╭─ Input data
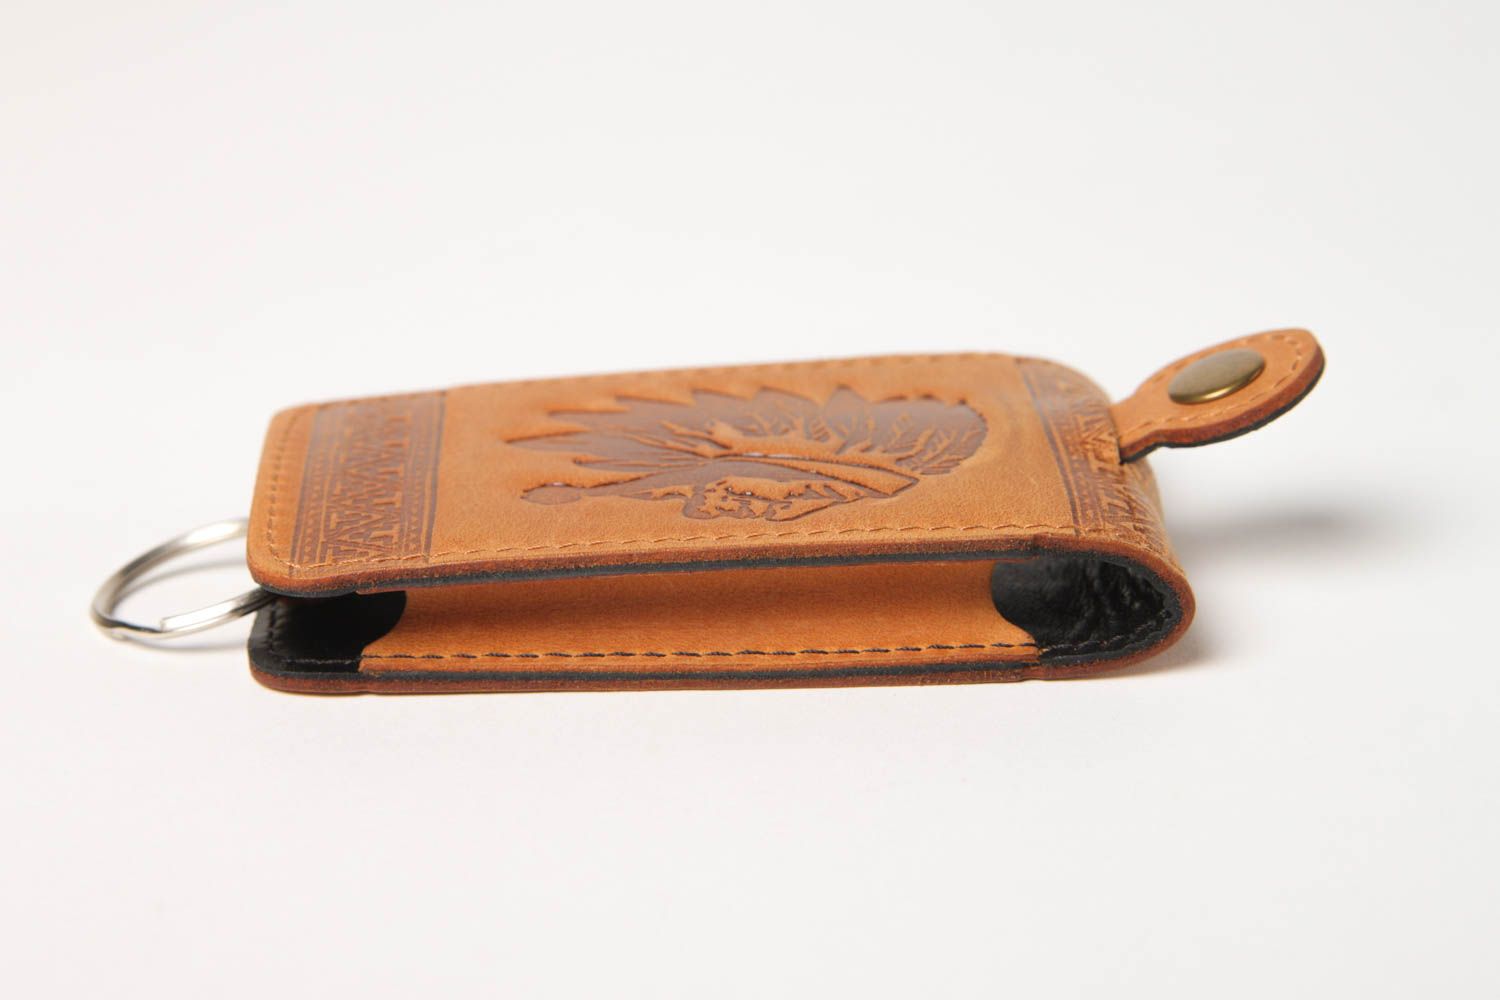 Stylish handmade leather key case unusual key holder design best gift ideas photo 4
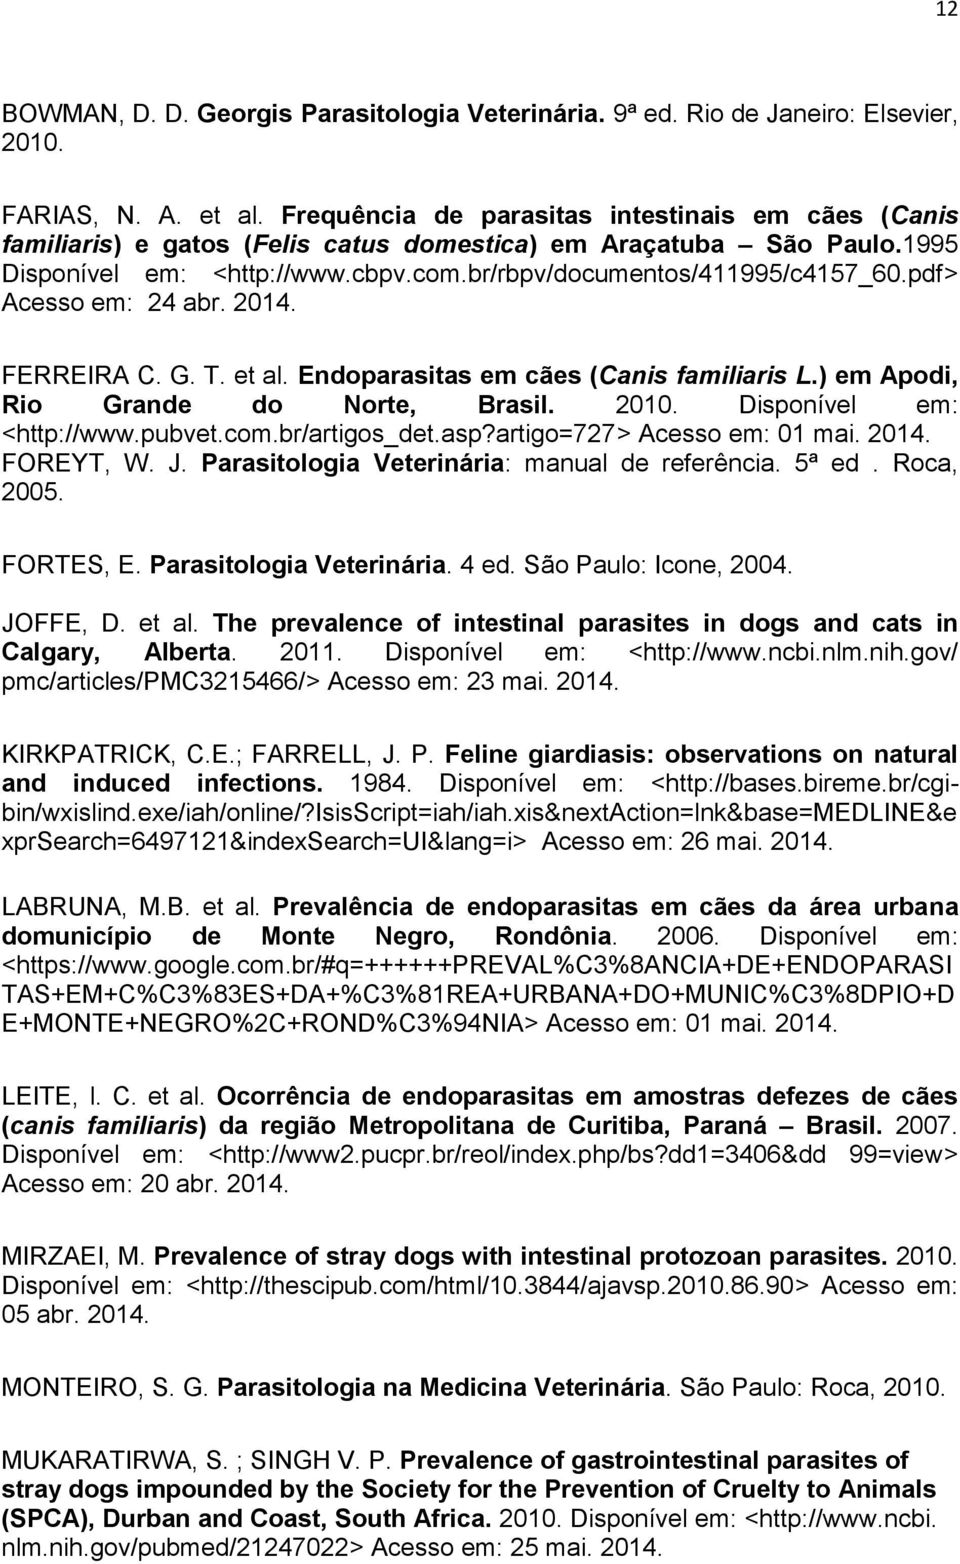 pdf> Acesso em: 24 abr. 2014. FERREIRA C. G. T. et al. Endoparasitas em cães (Canis familiaris L.) em Apodi, Rio Grande do Norte, Brasil. 2010. Disponível em: <http://www.pubvet.com.br/artigos_det.
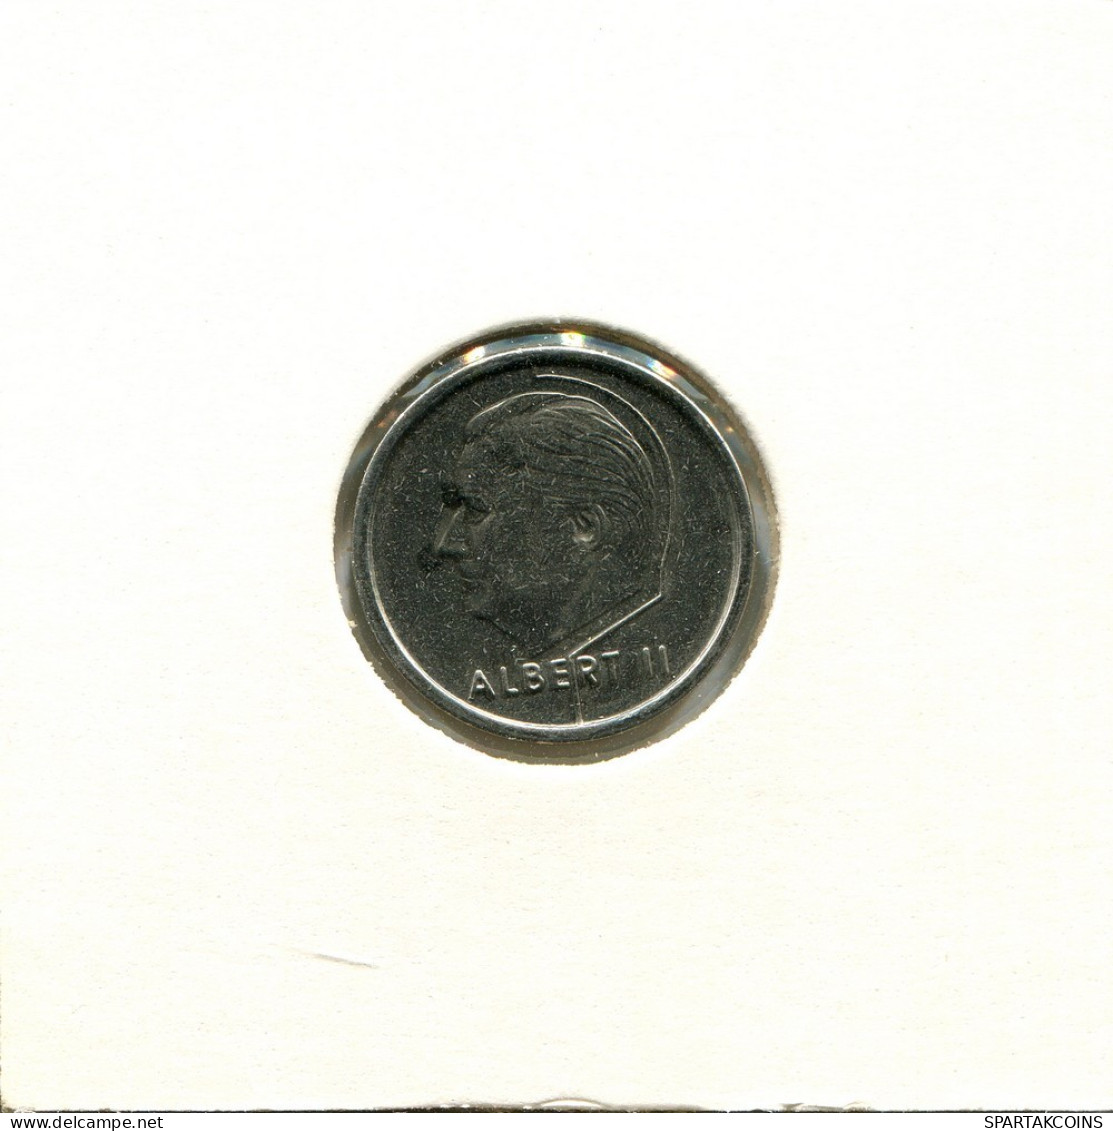 1 FRANC 1994 FRENCH Text BÉLGICA BELGIUM Moneda #AU110.E.A - 1 Frank
╰─
Task goal
When you copy the data, keep every line exact and drop the pictures.

Exercise answer
 Stylish handmade leather key case unusual key holder design best gift ideas photo 4
 pdf> Acesso em: 24 abr. 2014. FERREIRA C. G. T. et al. Endoparasitas em cães (Canis familiaris L.) em Apodi, Rio Grande do Norte, Brasil. 2010. Disponível em: <http://www.pubvet.com.br/artigos_det.
 1 FRANC 1994 FRENCH Text BÉLGICA BELGIUM Moneda #AU110.E.A - 1 Frank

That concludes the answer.